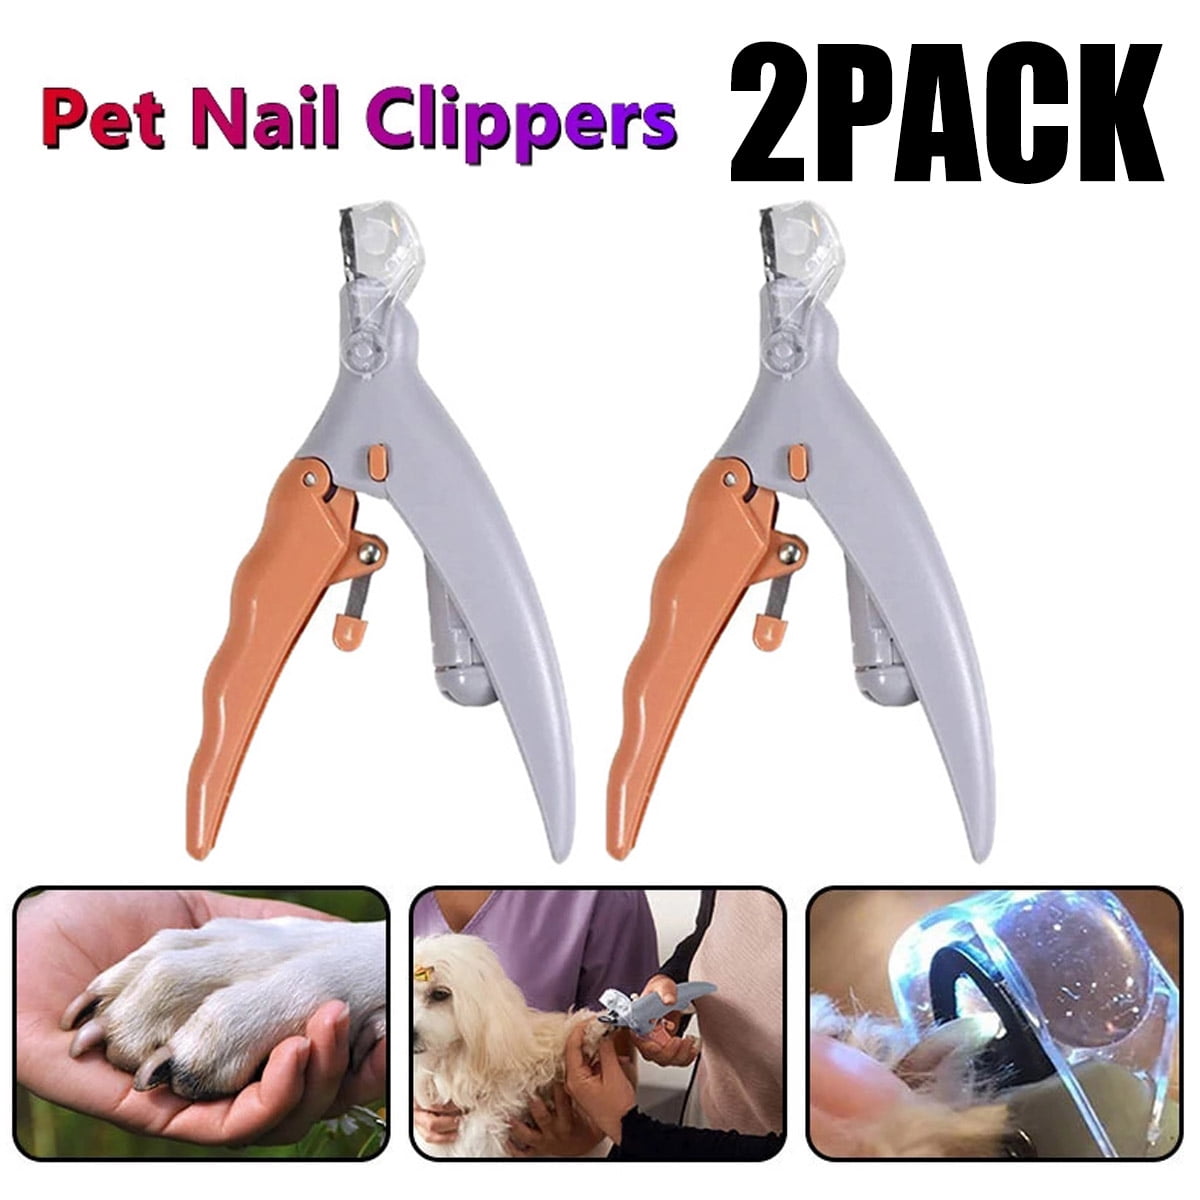 Super Grooming Pet Nail Clipper (Medium) Price - Buy Online at Best Price  in India
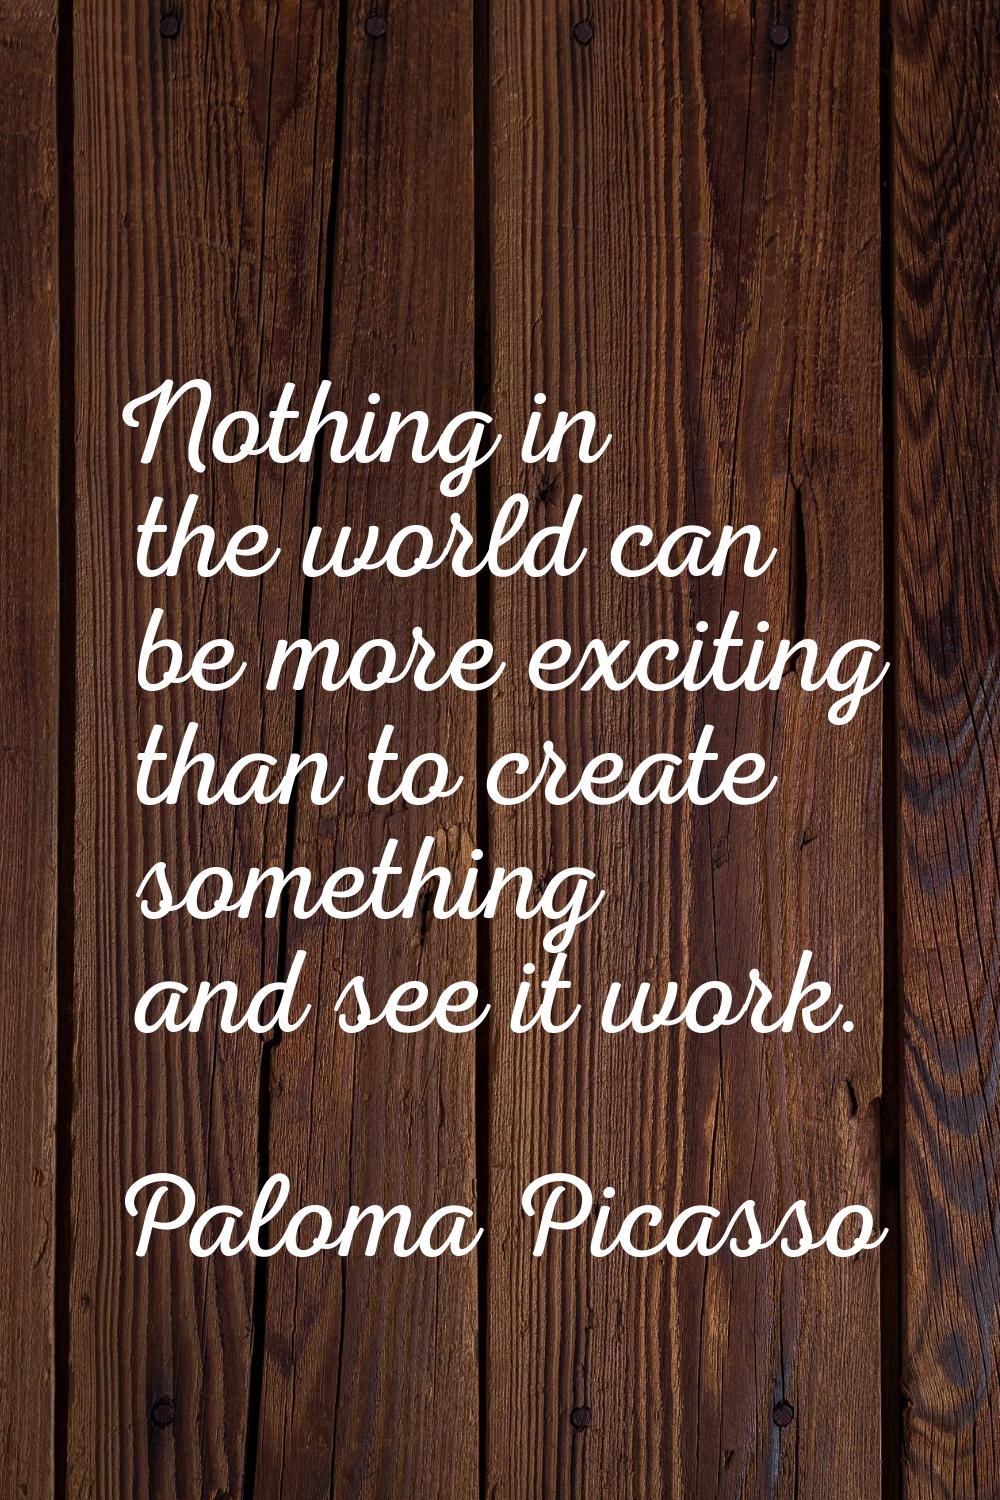 Nothing in the world can be more exciting than to create something and see it work.
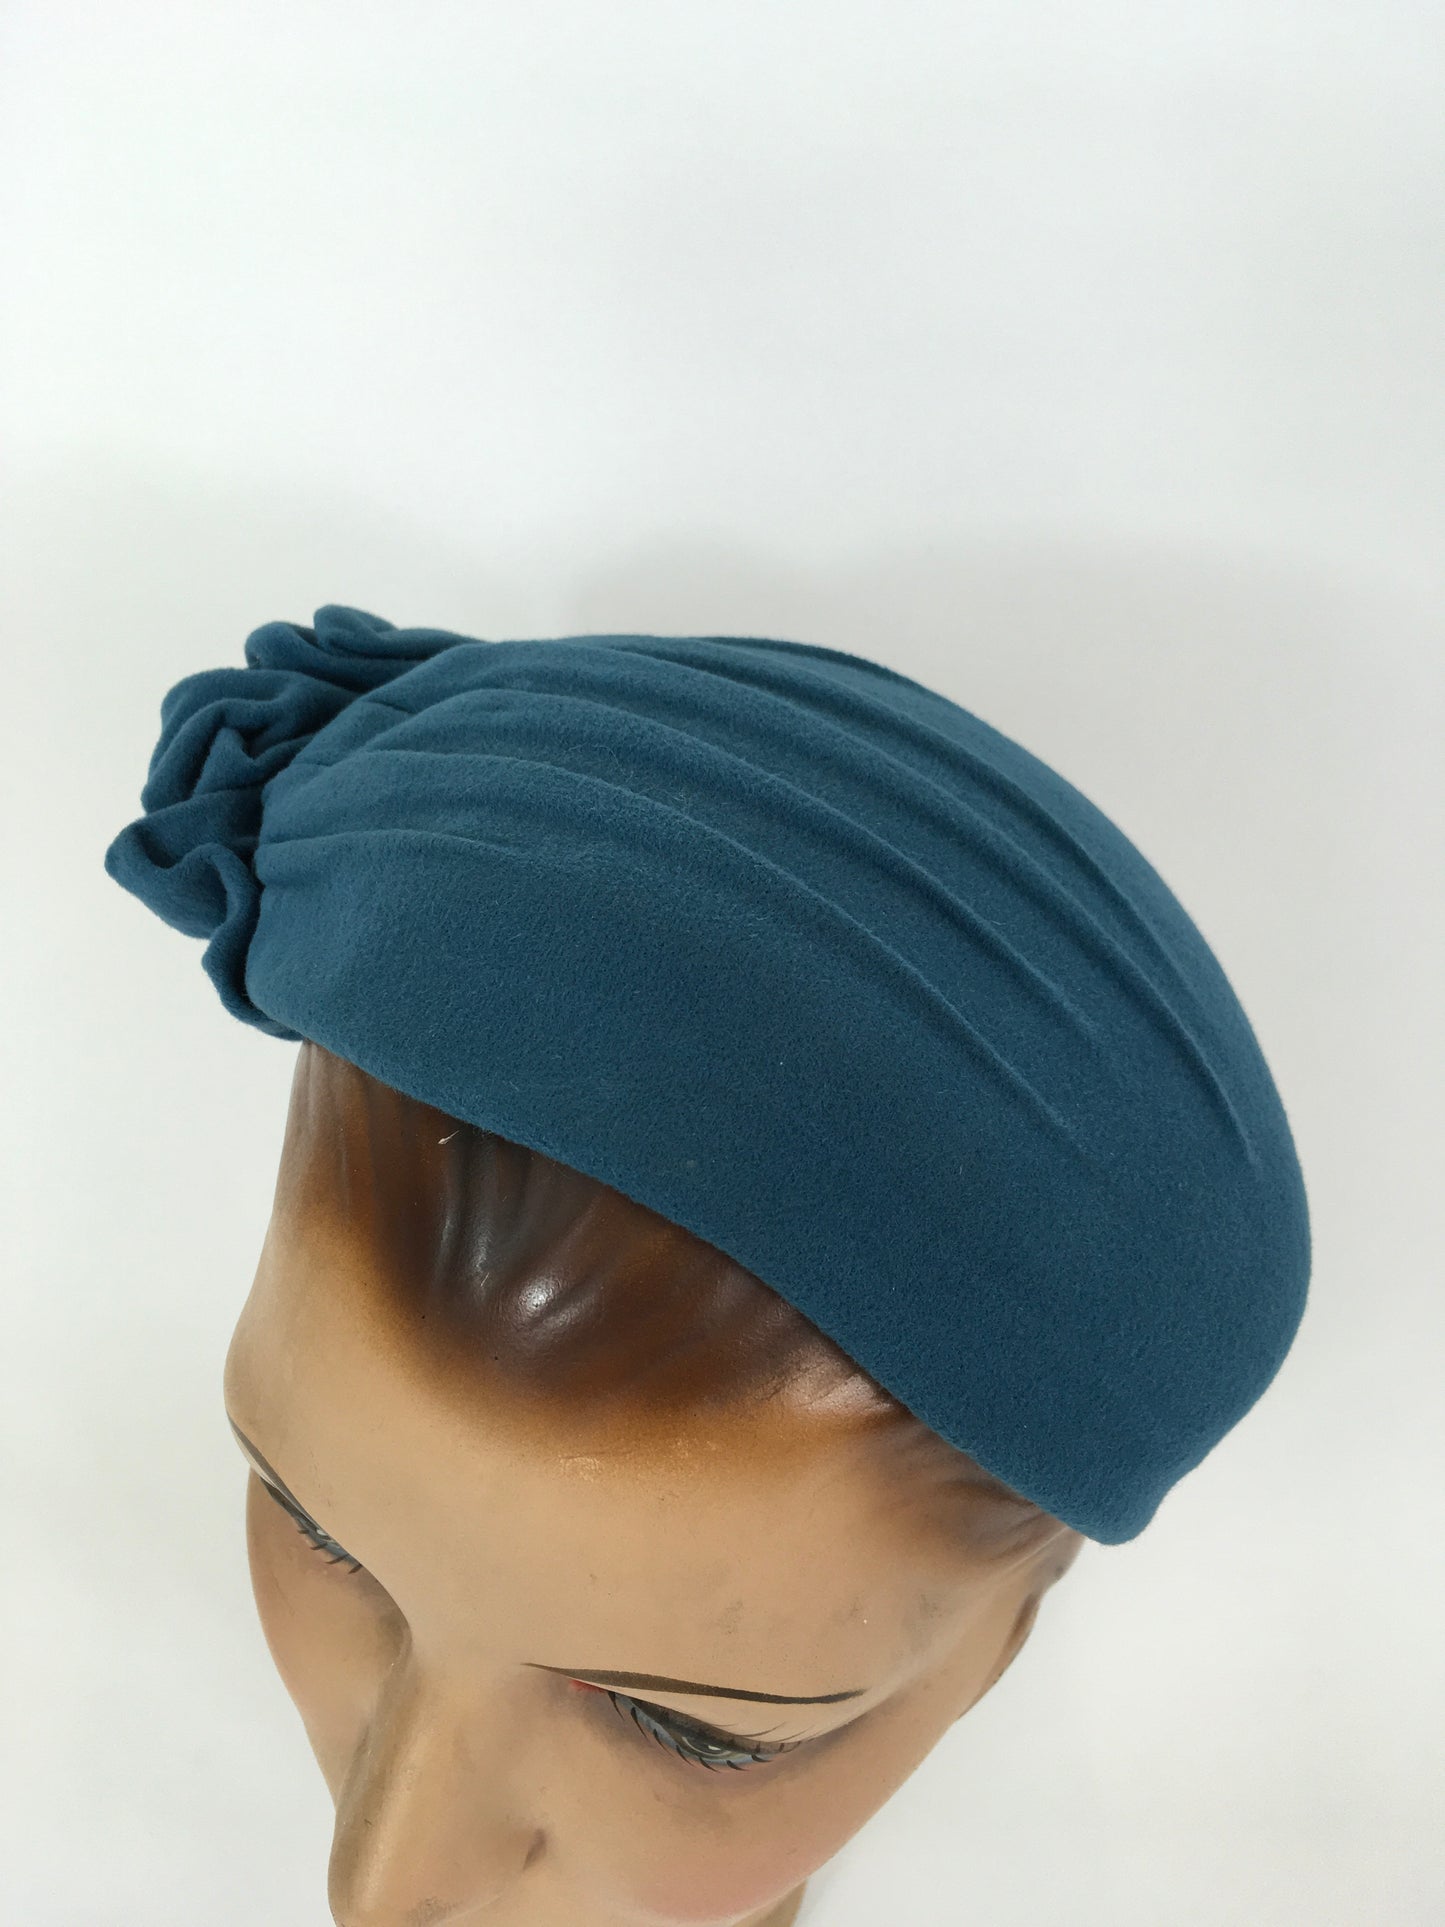 Original Late 1940’s early 1950’s Darling Structured Hat - In A Warm Teal

__Brief__: Return nothing except the lines from the one containing "Nothing in the" through the final line of the data, copied exactly. Leave out all pictures.

__Answer box__:
 Nothing in the world can be more exciting than to create something and see it work.
 Original Late 1940’s early 1950’s Darling Structured Hat - In A Warm Teal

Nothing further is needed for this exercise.